I examine research studies than most, and because they have different objectives and use different samples and methods, I find contradictions everywhere. The fun is in conducting investigations into those inconsistencies because they lead me to the even bigger fun of solving the puzzle within the puzzle. Like a detective, I collect evidence, interview suspects and witnesses, follow leads, check alibis, put the clues together, and solve the case. The work is gritty, not glamorous, more Colombo than Hawaii Five-0.
Here’s the overview of a report I delivered after spending a few days reading hundreds of one-off articles:
It is common for young moderns to claim they have thousands of friends.
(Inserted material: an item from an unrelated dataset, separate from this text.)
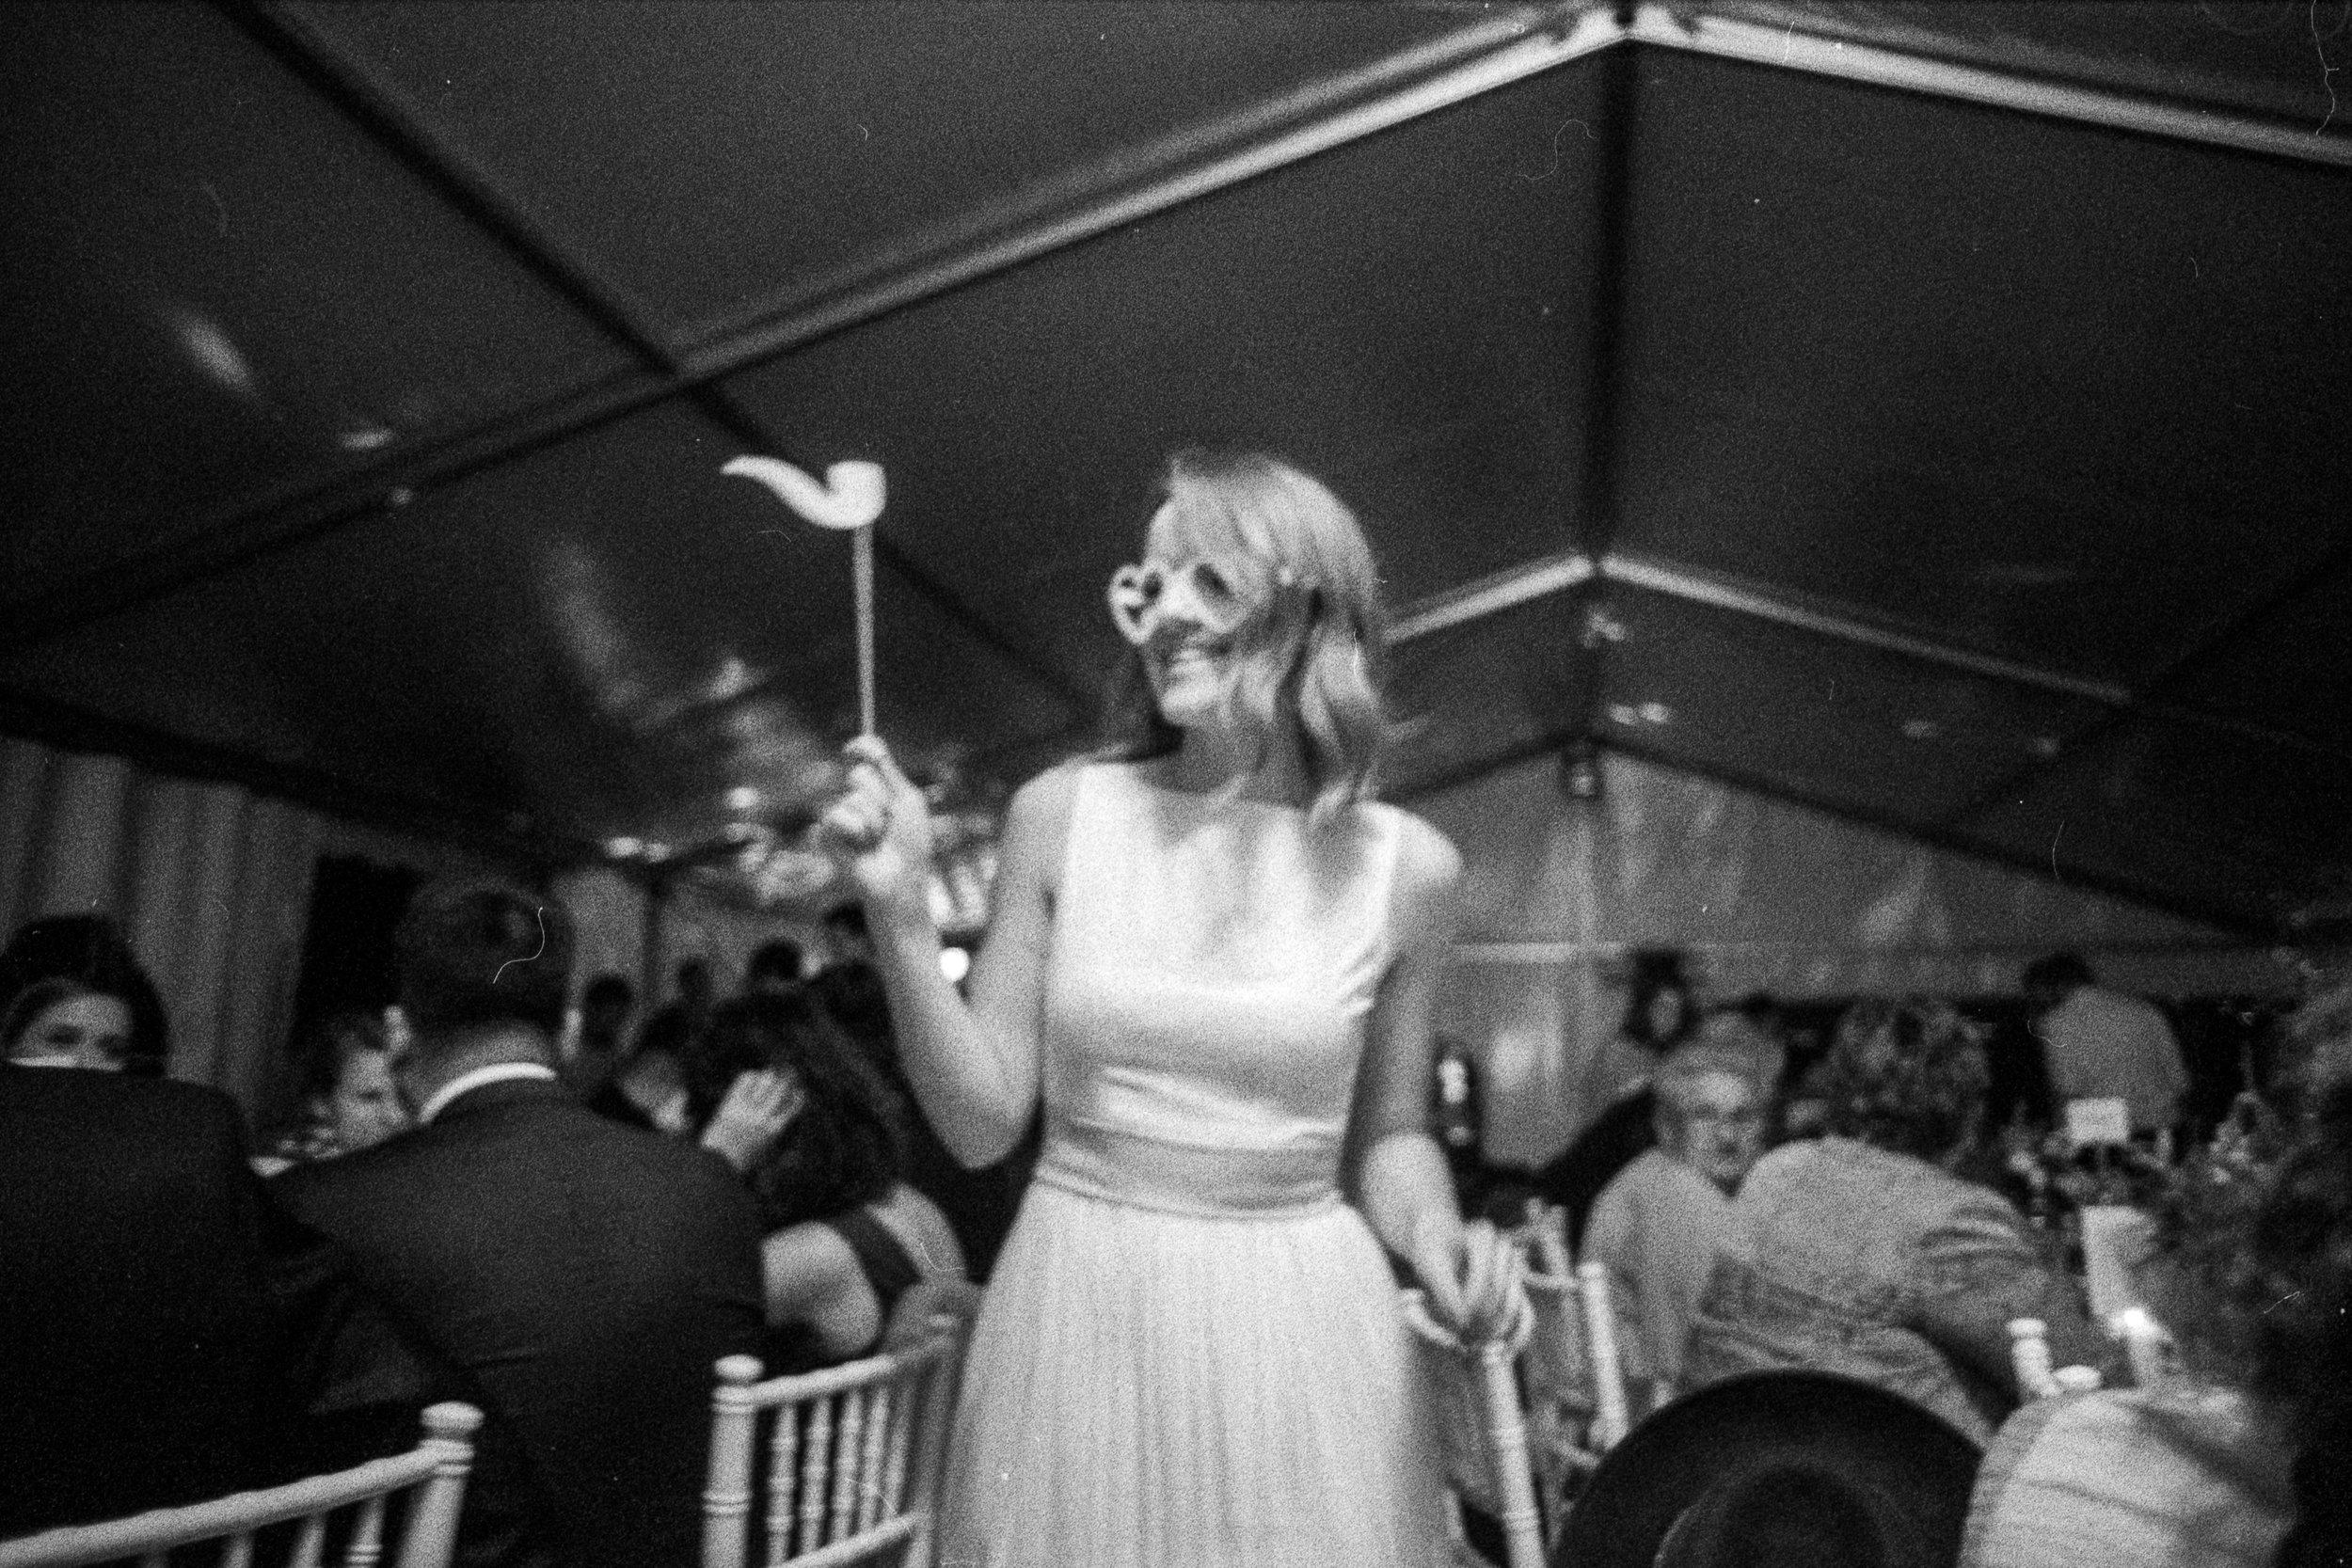 20171006_Monika+Marci_wedding_film_f_033.jpg

My interweb searches tell me the record is 8,942 or possibly 5,000 or maybe 16,000. You don’t have to be a scientist to know that such extreme values are probably hogwash.
Social media sources tell us the average person has 338 friends. Seem like a lot? Actually, it is too many, because most scientists agree humans can’t manage one-on-one relationships with more than 100 or 200 people. Our brains are incapable of making meaningful connections beyond that, so when we take on new friends, out go old ones. Think of all the people who were once friends of yours but have faded away. Sociologists and psychologists say most of us have only a dozen or two actual friends, numbers which seem more real, don’t they?
I set aside the numbers mishmash for the time being and began looking into the stretchable nature of how people go about defining “friends.” Are friends people we like? Or are they people we trust? How about neighbors we nod to when they walk the dog? Maybe friends are those we are attached to by feelings of affection. Whatever our definition, let’s agree one condition of real friends should be they are those we interact with one person at a time.
In her book Alone Together, MIT’s Sherry Turkle says young moderns’ friends are more fiction than fact because they have delegated important human relationships to robots. Imagining machines to be your friends indicates you are using a very loose definition of friendship. Look at studies of people who say they’re not lonely because Alexa and Siri are their best friends, and you’ll find some folks with oddly-formed ideas about friendship.
The shallower the definitions we use, the greater our number of friends. If when we say friends we mean what most others call acquaintances, it is easy to have hundreds. If we mean good friends, studies show most of us have only two or three. Loneliness studies come up with all kinds of numbers, too. Somewhere between 50% and 75% of Americans say they are lonely. Psychology Today calls these numbers staggering. Cigna labels loneliness as an “epidemic.” Again, the numbers seem really high, so maybe loneliness is also a concept with highly elastic definitions. There is a very good chance much of what is called loneliness is merely boredom. Honest to goodness loneliness is the desolation humans feel when they have no friends they can count on. If we have more friends, we should feel less lonely.
A good friend sent over a study that showed Gen Zers are lonelier than Millennials, who are lonelier than Xers, who are lonelier than Boomers. The survey quantified loneliness by using a scale of dubious value and forcing respondents to choose among into ill-fitting categories. This always conjures for me an image of ugly stepsisters trying to jam their too-big feet into that tiny glass slipper. After assigning a loneliness score ranging from a low of 19 to a high of 76 (a really wacky scale), statisticians converted that score into an index made up of four lopsided categories. This is far too much survey jenga and voodoo statistics to suit me, because you can find anything you want when you mutilate the numbers to prove your point. One think tank analysis found loneliness has nothing to do with age, but is instead a result of not being married, not being religious, and not living in one place long enough. My examination of the same data concluded loneliness is commonest among poorly-educated, low-income city dwellers, but where’s the headline in that?
Read a lot and you’ll find what so many reputable studies have demonstrated over and over again – loneliness peaks when we are in our teen and young adult years. I call people in this age range young moderns, my generic term that fits all eras.
Young moderns are demonstrably more absorbed in their devices, spending ever more time doing ever more head-down things, which decreases their human interactions, which increases loneliness. So the current youngest generation claims to have the most friends of any age group while being the loneliest of all.
My summation:
- Be certain we are all using the same definitions.
- If you’re truly lonely, you don’t have as many actual friends as you think you do.
- Insist statistics-touters explain how they got their numbers.